Lily Ebert spent Yom Kippur 1944 in Auschwitz and made herself a promise.
“If I ever came out of that place, I was determined to do something that would change everything,” she writes in her newly published autobiography. “I had to make sure that nothing like this could ever happen again to anybody. So I promised myself I would tell the world what had happened. Not just to me, but to all the people who could not tell their stories.”
Nearly eight decades on, few could dispute that 97-year-old Ebert has fulfilled that promise — many times over.
She has done so not just by telling her remarkable story in “Lily’s Promise: How I Survived Auschwitz and Found the Strength to Live,” but also through years of Holocaust education work. Thanks to her great-grandson, Dov Forman, that work has gained a huge new social media audience during the pandemic. The pair have 1.4 million TikTok followers, and their social media output has an average of about 1 million views a day.

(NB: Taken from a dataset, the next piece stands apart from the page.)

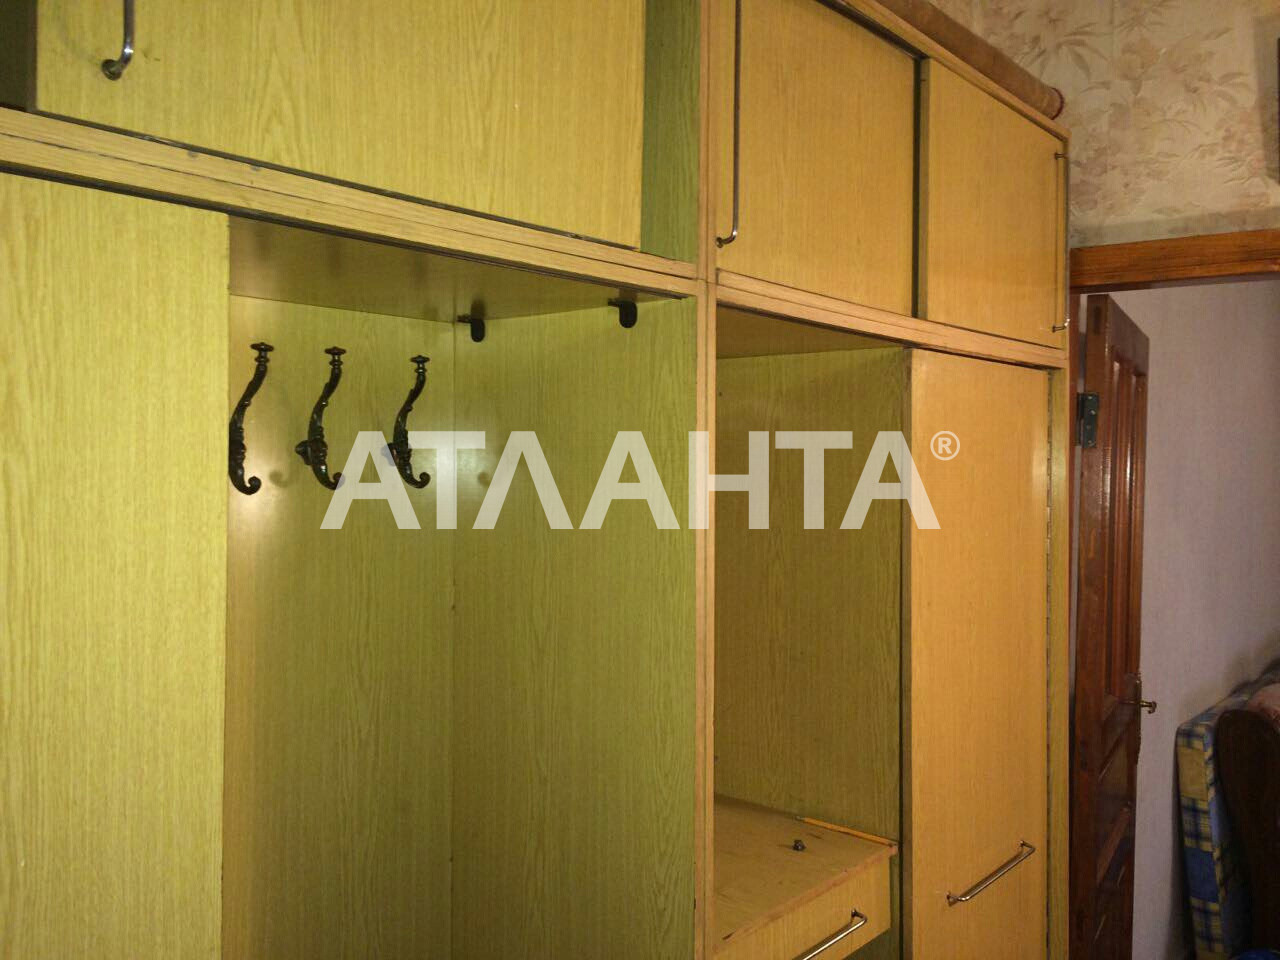 Продается 3-комнатная Квартира на ул. Люстдорфская Дор. 27 — 42 000 у.е. (фото №7)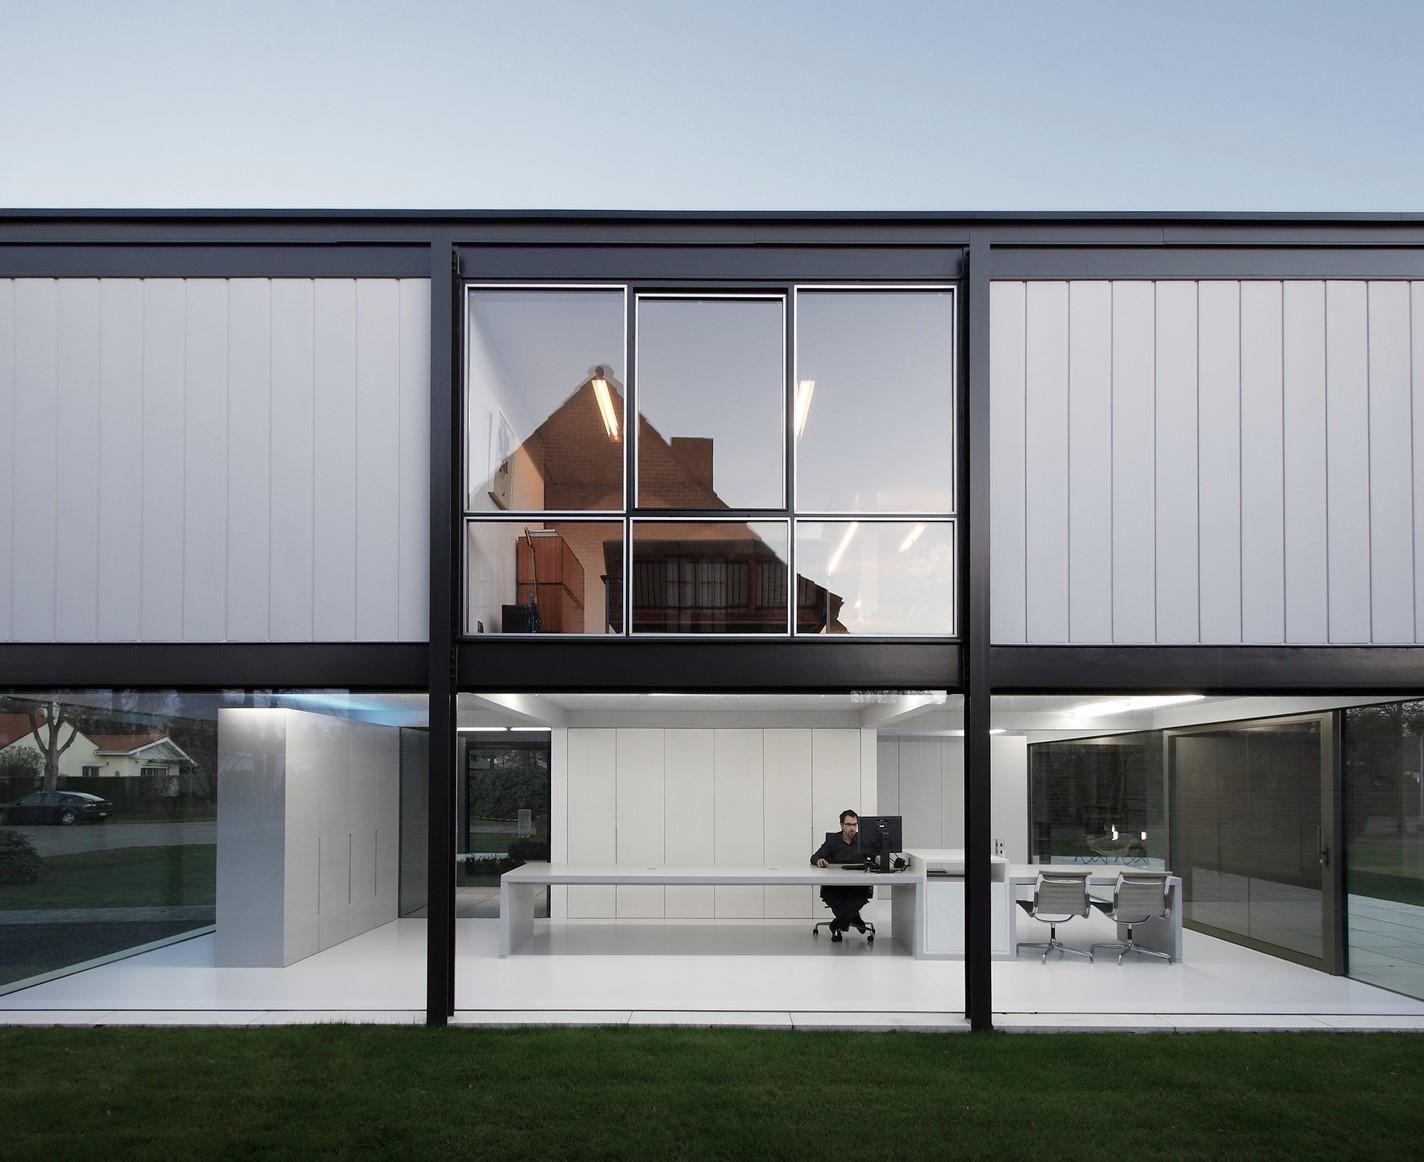 Zoersel House by Arjaan De Feyter Design Zine

“You can see I am not a youngster anymore. I learn from young people and I am so happy,” Ebert told The Times of Israel during an interview together with 17-year-old Forman. “I was afraid that [this work] would finish with our generation but luckily I see it won’t finish. The youngsters will take over and they will, I hope, learn from it.”
Despite her impish good humor and self-evident joy at the close bond she has formed with her great-grandson through their work together, Ebert talks about her family’s tragic story with painful honesty and openness.